A sorted Set is a collection of items, in principle all of the same type (although nothing is enforced), where items are always kept in order. Normally, as with sets, items in a sorted set may only be present once, but the rule may be circumvented (do it with caution). Another characteristic of sets beside the uniqueness of held objects is their ability to make set opations: union, intersection, difference and symetric difference
- Constructor: SortedSet([sorter=::<], ...items): construct a sorted set from one or more concatenated sequences, sorting the items by the sorter given
- Operators:
-, &, |, ^, in - Comparison operators: ==, !=
Methods:
- static SortedSet.of([sorter=::<], items...): construct a set from individual elements and sort them using the sorter given
- add(...items, allowDuplicate=false): add one or more items. If allowDuplicate=true, then items are addded to the set regardless of they were already present; this breaks the uniqueness rule, it can be useful sometimes but do it with caution.
- clear: empty the whole set
- first: return the first (smallest) element of the set
- iterator: return an iterator to iterate through the elements of this sorted set. Elements are iterated in their order as defined by the sorter specified at construction.
- lower(key): returns the nearest element present in the set that come after the key given, or return the argument given itself if it is present
- last: return the last (largest) element of the set
- length: return the number of elements present in the set
- pop: remove and return the last (largest) element of the set
- remove(...items): remove one or more items from the set
- shift: remove and return the first (smallest) element of the set
- toString: return a string like "<1, 2, 3, 4, 5>"
- upper(key): returns the nearest element present in the set that come after the key given
A String holds an immutable sequence of UTF-8 characters.
- Constructor: String(bufffer, encoding), will convert the data in the given buffer into a string, decoding characters of the specified encoding.

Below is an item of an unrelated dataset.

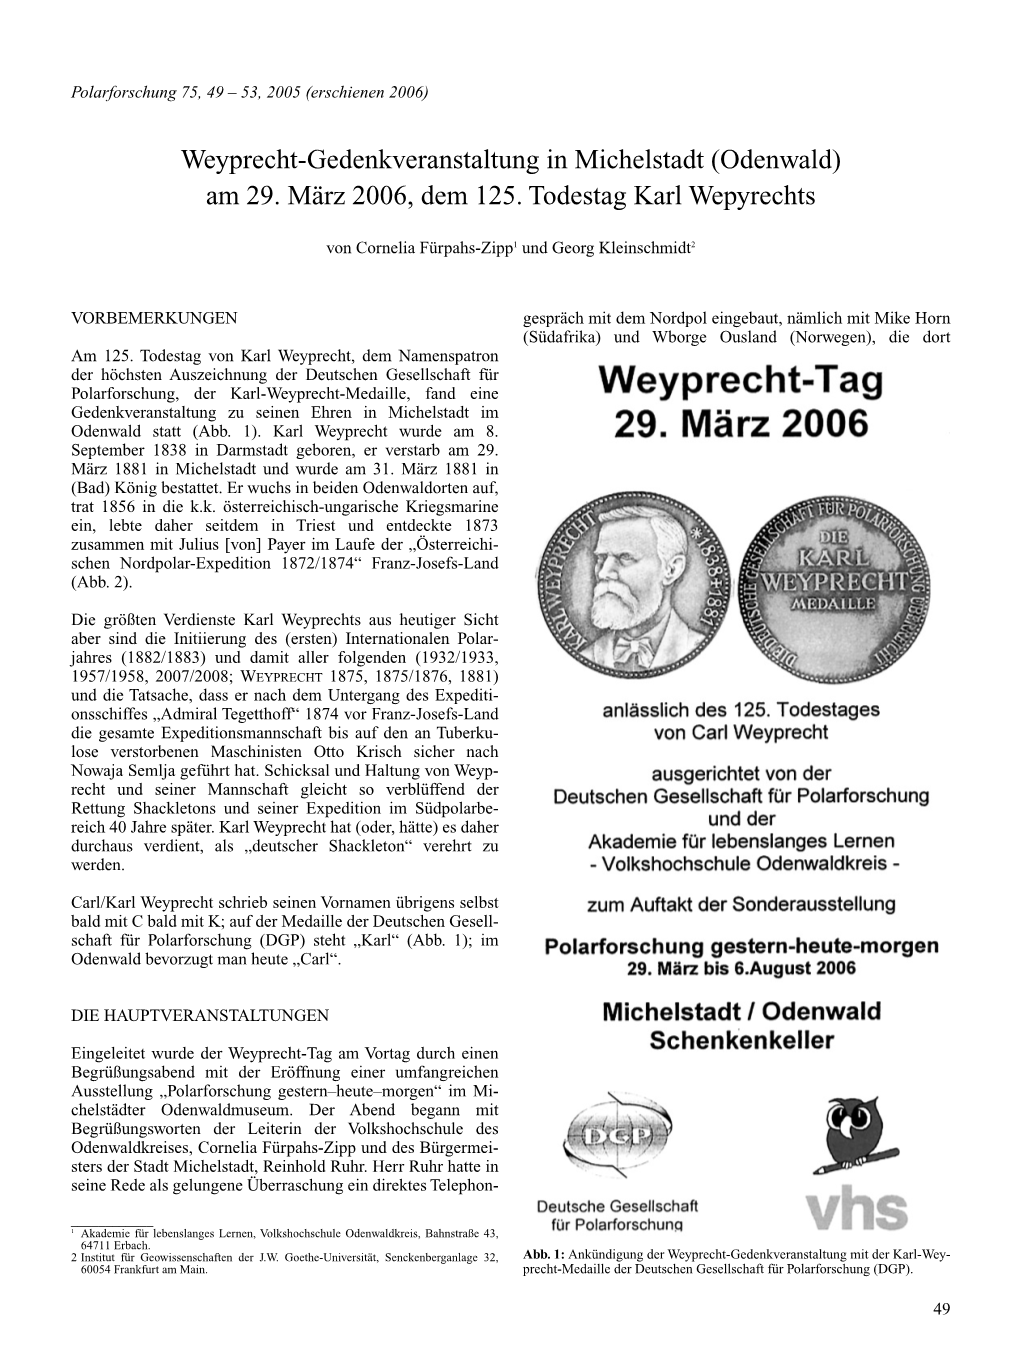 Weyprecht-Gedenkveranstaltung in Michelstadt (Odenwald) Am 29. März 2006, Dem 125. Todestag Karl Wepyrechts

- Constructor: String(any), any will be converted to string using toString method.
- Operators: [], +, in
- Comparison operators: >
<, <=, ==, >=, >, !=via compare
Methods:
- static String.of(...sequences): construct a string by concatenating one or more other strings or objects
- codePointAt(index): return the code point at given character position 0..0x1FFFFF
- compare(other): compares this with other and return a negative number if this<other, a positive number if this>other, and 0 if this==other.
- endsWith(needle): return true if needle is found at the end of the string
- fill(pattern, length, side=1): return a new string where this string is filled/padded up to the specified length using the given pattern; side tells where to place the padding pattern: 1=left, 2=right, 3=both/center.
- findAll(regex, group=0): find all matches of the regular expression against this string. For each match, take the group number given as result, or return a list of RegexMatchResult objects if group=true.
- findFirstOf(needles, start=0): search for the first occurence of one of the characters inside needle; return -1 if nothing is found.
- format(...items): take this string as a format string and format accordingly; see the format global function for more info.
- hashCode: return an hash value used for indexing unsorted sequences such as Map and Set
- indexOf(needle, start=0): search for needle in the string, returning the position where it has been found, or -1 if not found.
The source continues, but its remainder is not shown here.